Öncelikle iyi ki böyle kadın yazarlarımız var, demek istiyorum. Ben her defasında bunu ifade etmekten gurur duyuyorum. Romanla ilgili kişisel yorumlar olabilir, beğenilir ya da beğenilmez ama külliyatının ortasından girerek okumaya başladığım bu yazar bence çok yetenekli ve donanımlı. Romanı okuduktan sonra, söyleşilerini de dinledim. Diğer eserlerinde ben anlatıcıyla karakterine hikâyesini anlattırırken burada çoklu anlatıcıyla kurguyu oluşturmuş. Ben anlatıcı da zordur ama bu yöntem biraz daha zor. Açıkcası benim romanın içine tam olarak girememin nedeni de bu olabilir. Bazen kimin konuştuğunu anlamakta zorladığım oldu.

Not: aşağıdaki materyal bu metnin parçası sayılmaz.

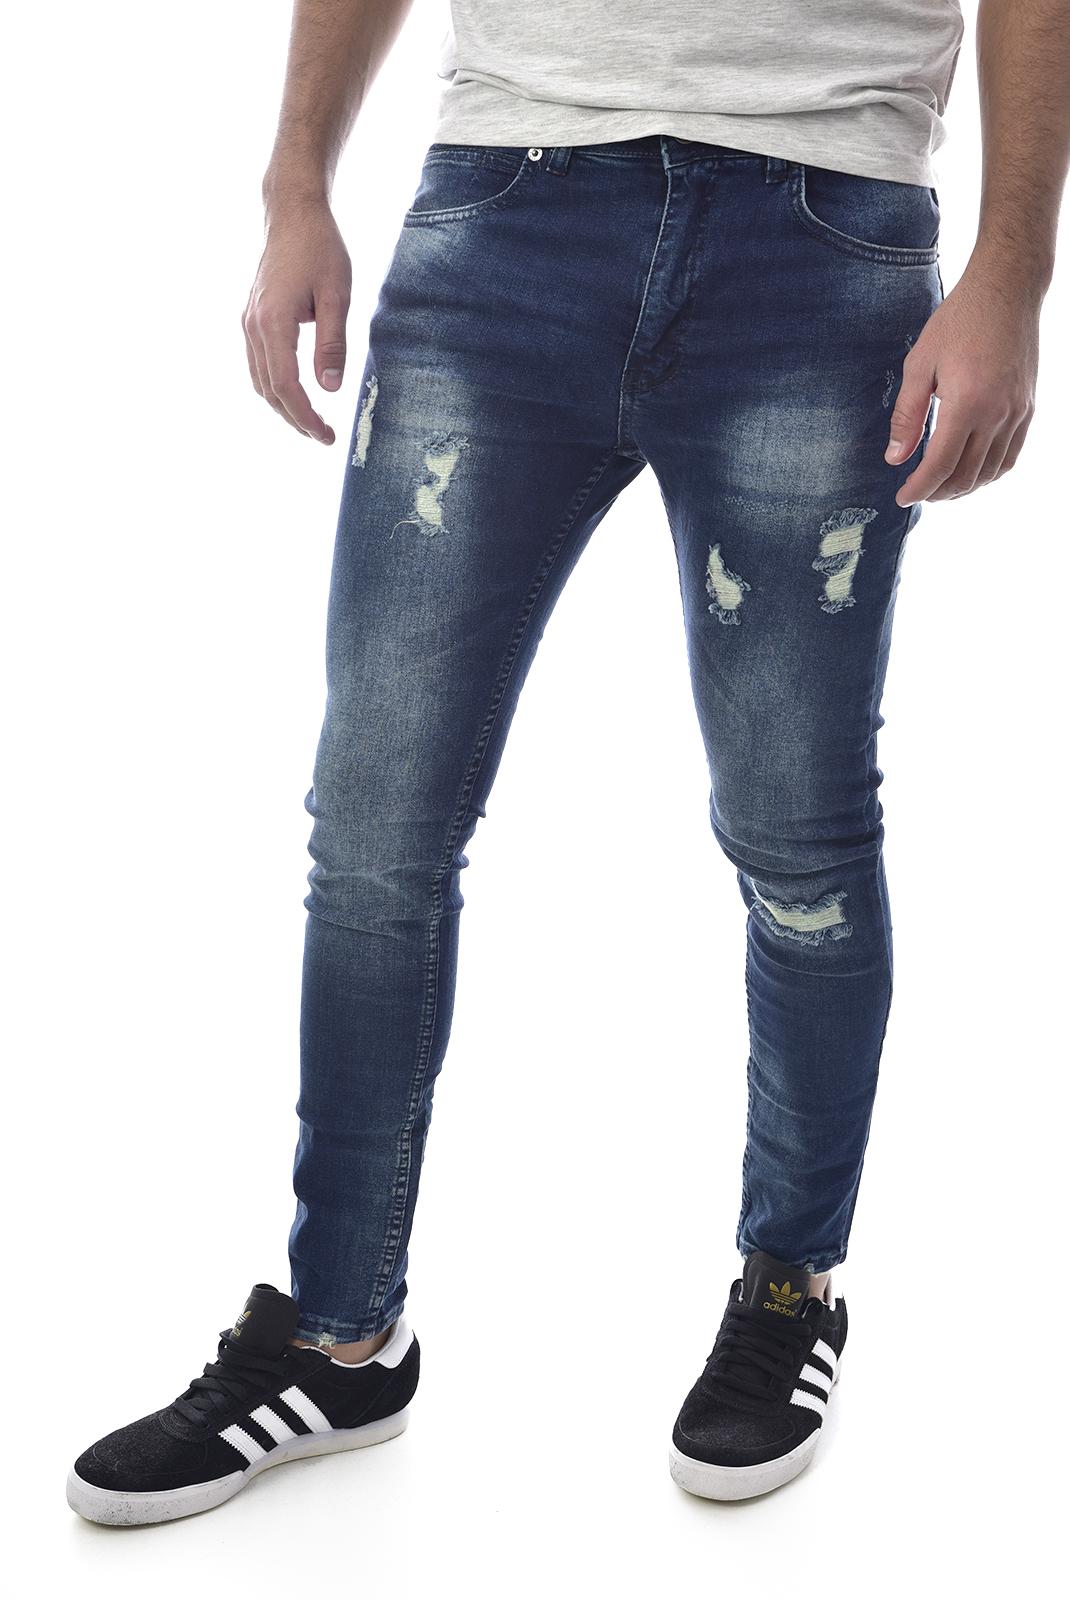 Jeans  Goldenim paris 1301 BLEU

İstanbullu Amazonlar 1809’da Şebnem İşigüzel’in başardığı en güzel şey kurgu ile gerçeği birbirine inanılmaz bir ustalıkla bağlaması olmuş. Ben şu aralar paralel (eyvah tehlikeli kelime!) okuma ile İhsan Oktay Anar külliyatını okuyorum. Zaman ve kültür olarak keşisiyorlar çünkü İstanbullu Amazonlar 1809’da Osmanlı Dönemi’nde geçiyor. Gerçekte olan bazı mekanları kurgu olan bir takım olay ve nesnelerle öyle güzel bağlamış ki insan şüpheye düşüyor. Beşiktaş’taki 7 8 Hasan Paşa Fırını’ndaki Amazon ya da İstanbul isimli kurabiye esprisi gibi. (Bu arada ben de esprisine gidip sordum. Tezgahtaki emektar çalışan hiç kimse sormadı şimdiye kadar dedi. Sayın okuyucu Hogwarts’ın peşine düşüyorsun ama…)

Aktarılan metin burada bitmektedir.